Because God first loved us, I have two ever-present symbols of his faithfulness and redemption in my life.
Growing up I had a very acute relationship with God and prayed over and over again for God to use me in BIG ways. I wanted to live an extraordinary life. Time and time again, I received words from the Lord (directly and from others) that I would affect the Kingdom of God. One of the coolest visions spoken over my life when I was young was followed up with a picture I saw in a magazine several weeks later. I still have it taped to my Bible, today. This dark haired girl is holding a basket of gently-picked flowers to heaven. The preceding vision was that God gave me a new basket to fill every time I handed my harvest to him.
For most of my young adult life I thought my purpose and mission was to reach God's people in Africa. I had no idea that the true intent was children within reach.
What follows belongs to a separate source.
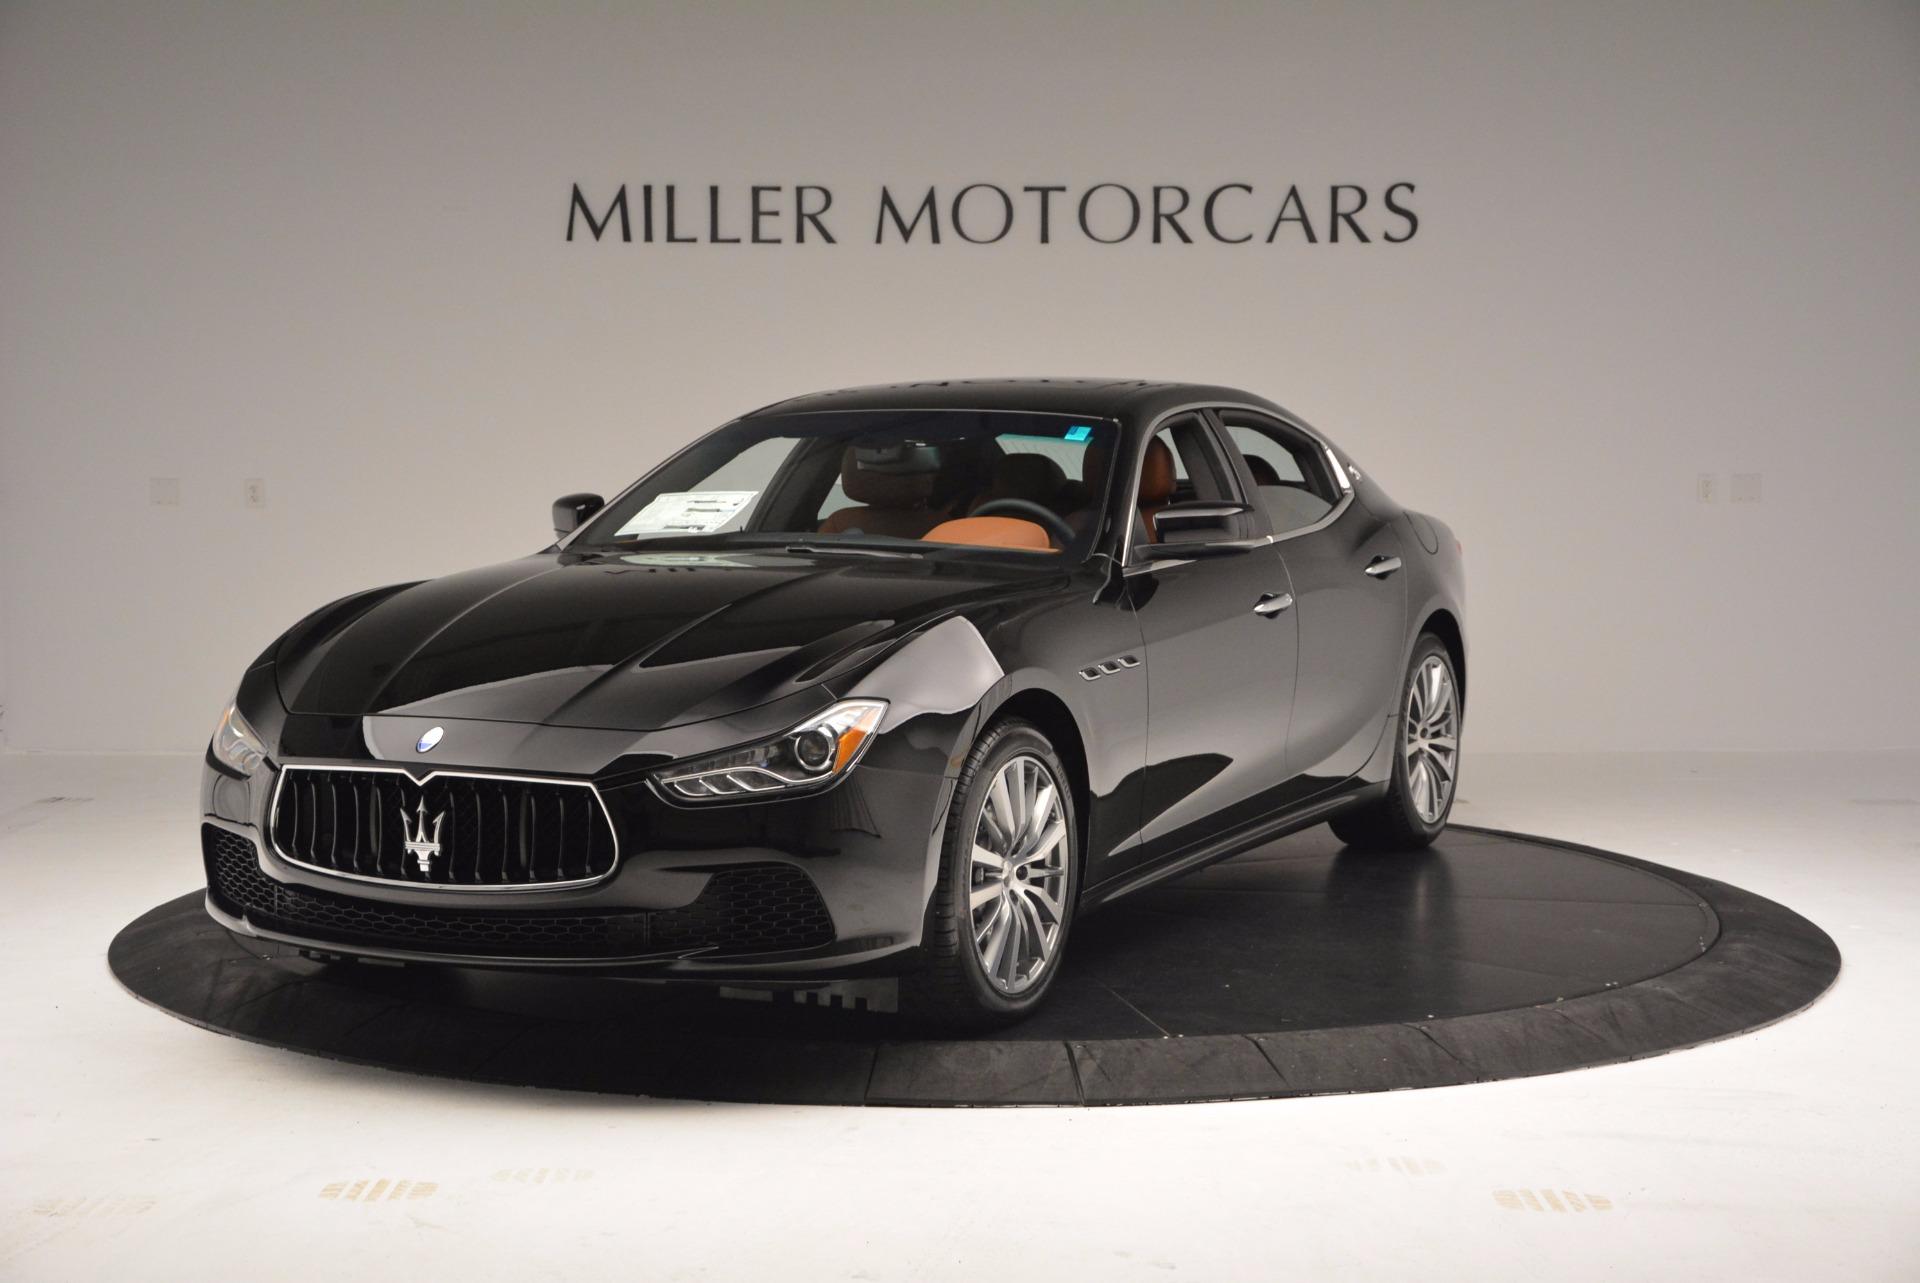 Used 2017 Maserati Ghibli SQ4 S Q4 Ex-Loaner for sale Sold at Bugatti of Greenwich in Greenwich CT 06830 1
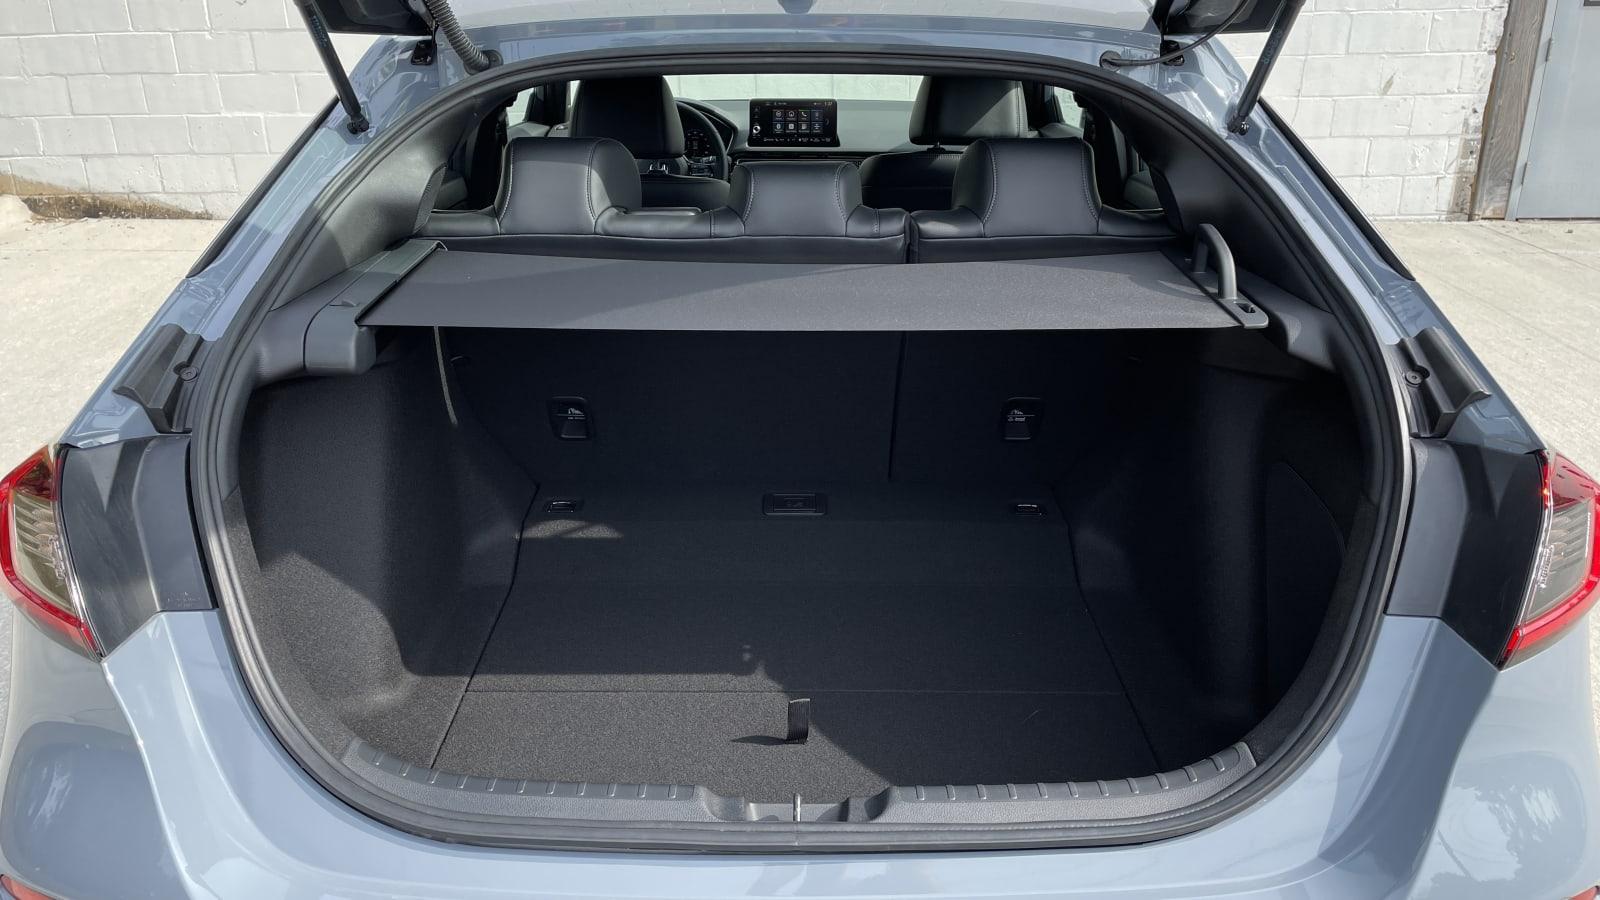 2022 Honda Civic Hatchback First Drive

Missions work was so much a part of my focus that when I, finally, convinced Ben to date me, I told him God's plans for my life and asked him how he felt. He continuously responded with, "I'll carry the suitcases."
[Love that man!]
When we were made aware of our infertility, a few years in to our marriage, we were broadsided. It didn't align with the extraordinary that I knew God has set me apart for. We prayed and screamed and begged God to do what my body seemed so resistant to do.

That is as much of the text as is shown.